In drafting the latest draft medical device rules, the ministry has adopted the GHTF guidance essential principles but at the same time also picked from regulatory practices followed in other countries like FDA, PMDA etc. However, the device sector will have more clarity and predictability, if the time tested vital elements of essential GHTF principles along with risk based classification, form the backbone of rules.

The additional requirement for clinical investigation of medical devices already approved in GHTF countries and third party audit shall cause unnecessary delay in the availability and access of innovative medical devices to the HCPs and the patient population.

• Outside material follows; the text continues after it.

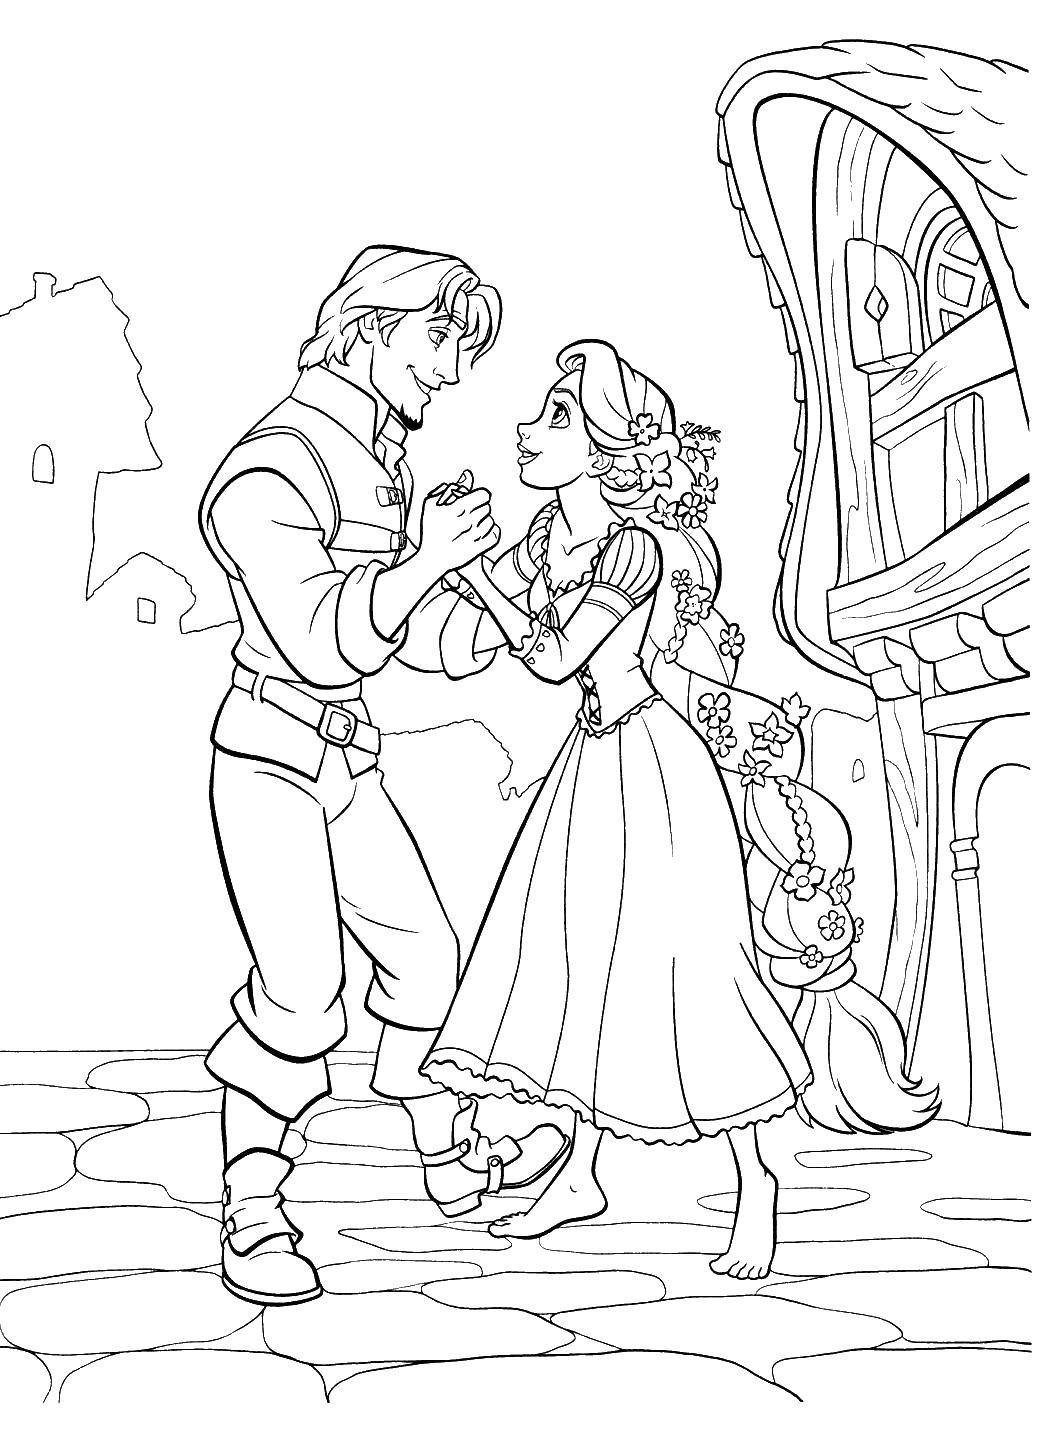 Coloring Rapunzel and Flynn. Category Cartoon character. Tags:  Rapunzel , Flynn.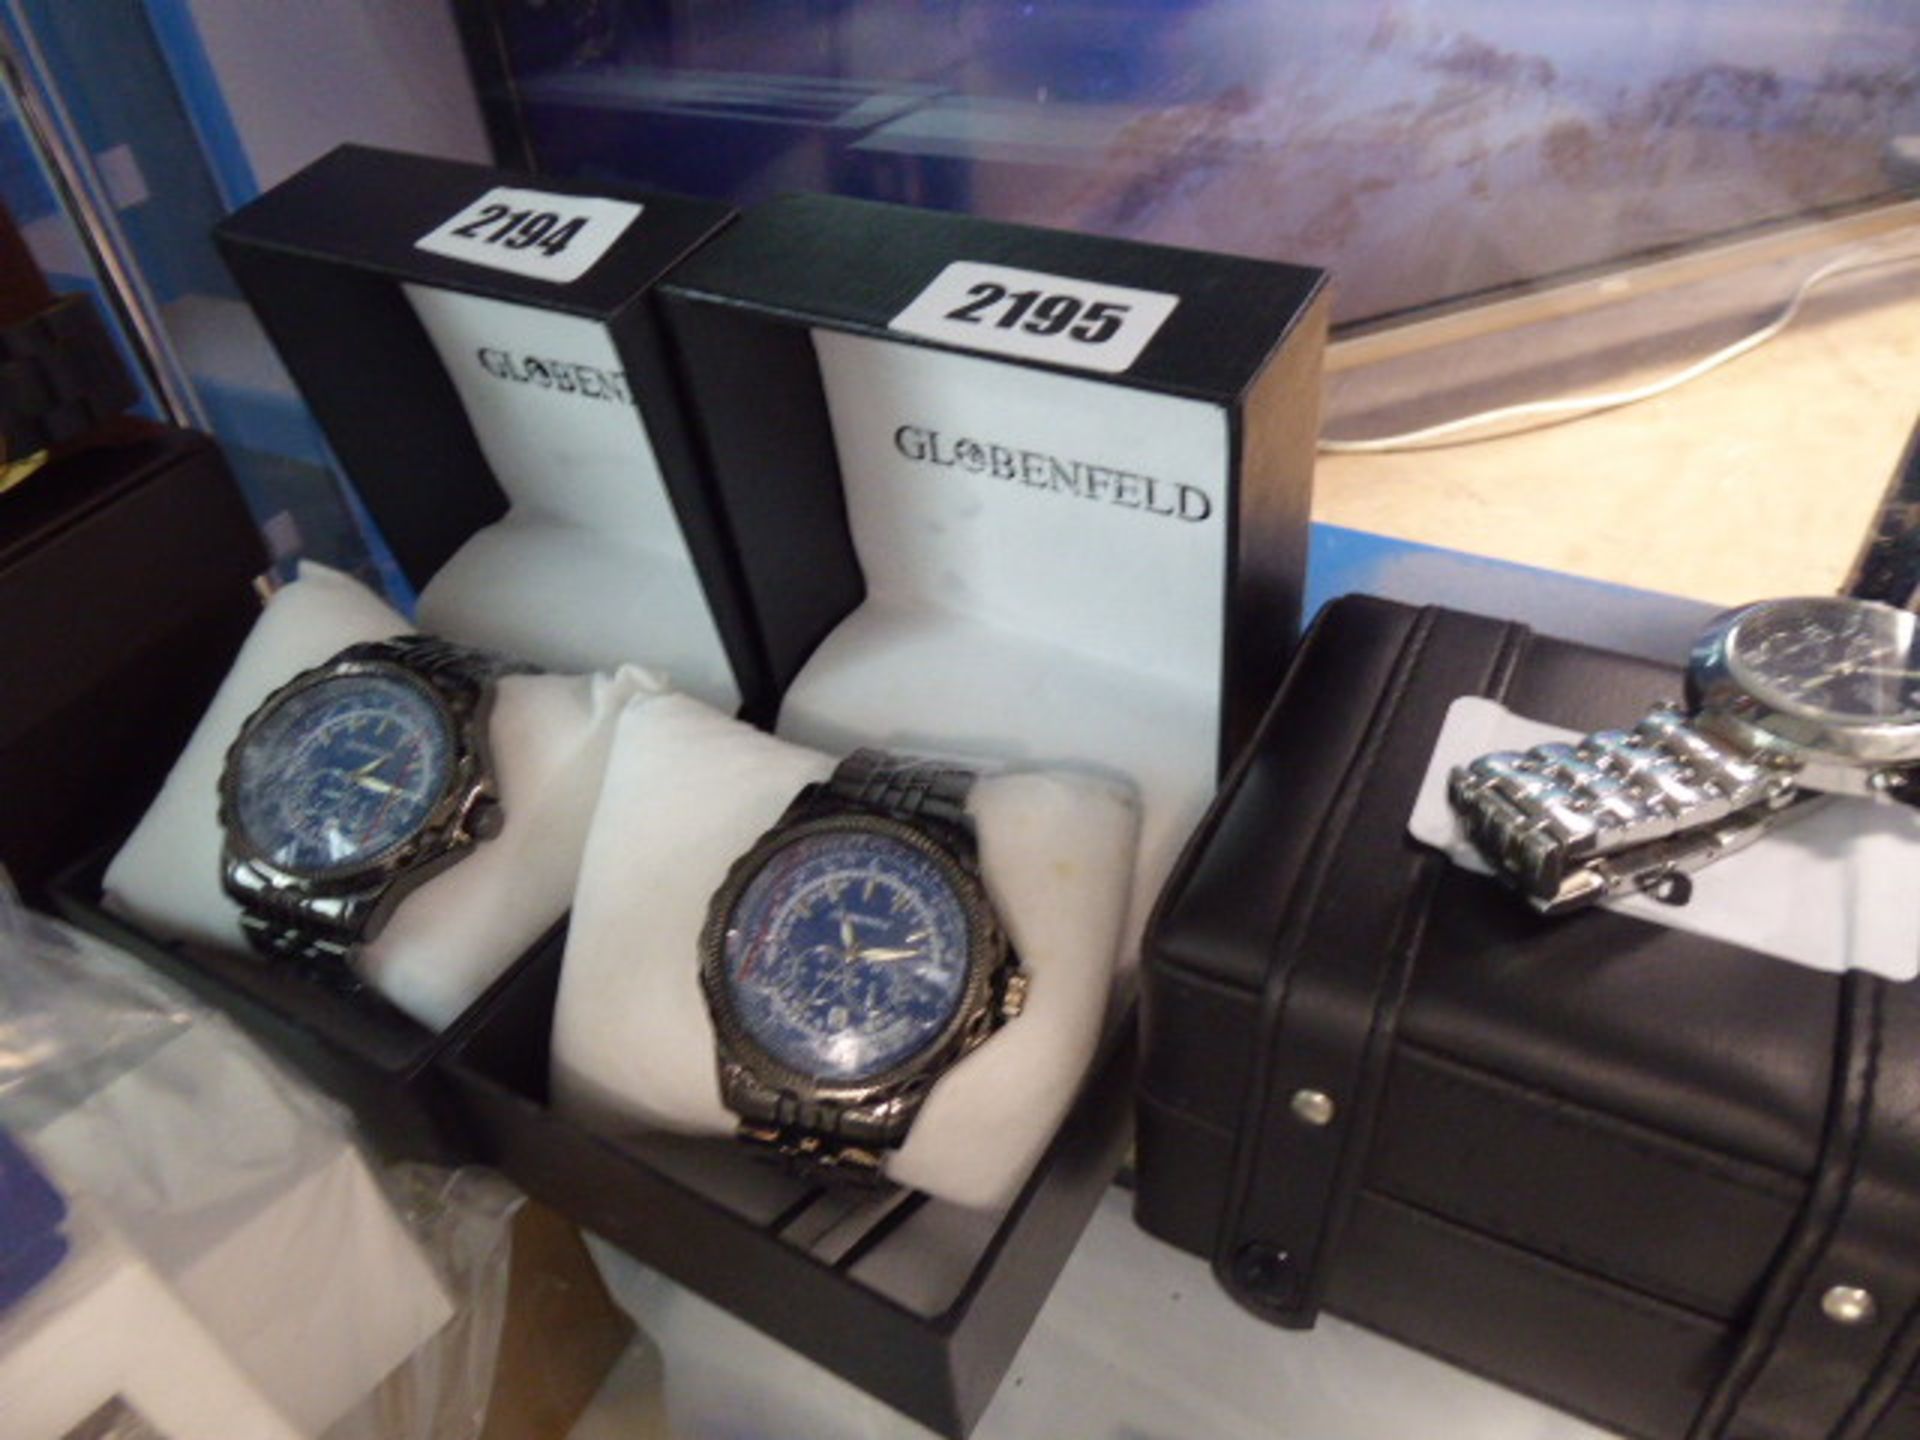 Globenfeld blue dial gents stainless steel strap watch in box

Moreover, the provisions with respect to labeling of medical devices should be aligned with the Draft rules published in July 2016, and the clause with respect to the shelf life of medical devices should be amended to be in line with global requirements.

Separate regulatory framework for medical devices and equipment: The Drugs and Cosmetics Act, 1940 treats devices at par with pharmaceutical products and the rules, regulations and policies for pharmaceuticals are applied to medical devices by agencies and government officials that come from a pharmaceutical mind frame and education background.This leads to an unpredictable regulatory environment that is inconsistent with global norms for regulating medical devices.

Promote an Innovative driven ecosystem – Governments around the world are exploring policy measures to attract investment and promote sustained innovation. The government in India too should take a realistic view and embrace innovation. For this, the union budget should provide diverse solutions from the inside and welcome global medical device manufacturers who can conduct R&D, invest and partner with local innovators.The med tech sector is still in its nascent stage and therefore in order to meet the growing needs of the Indian patients it’s important to build an ecosystem that encourages and rewards medical innovation. If this does not happen, India will go back to the 16th century and struggle to provide what the patients rightfully need.

Investment for strengthening healthcare infrastructure: To make healthcare more accessible to the patients the focus should be on improving primary healthcare. The infrastructure should be strengthened by investing on more quality tertiary care centers for patients and supply chains for better healthcare delivery.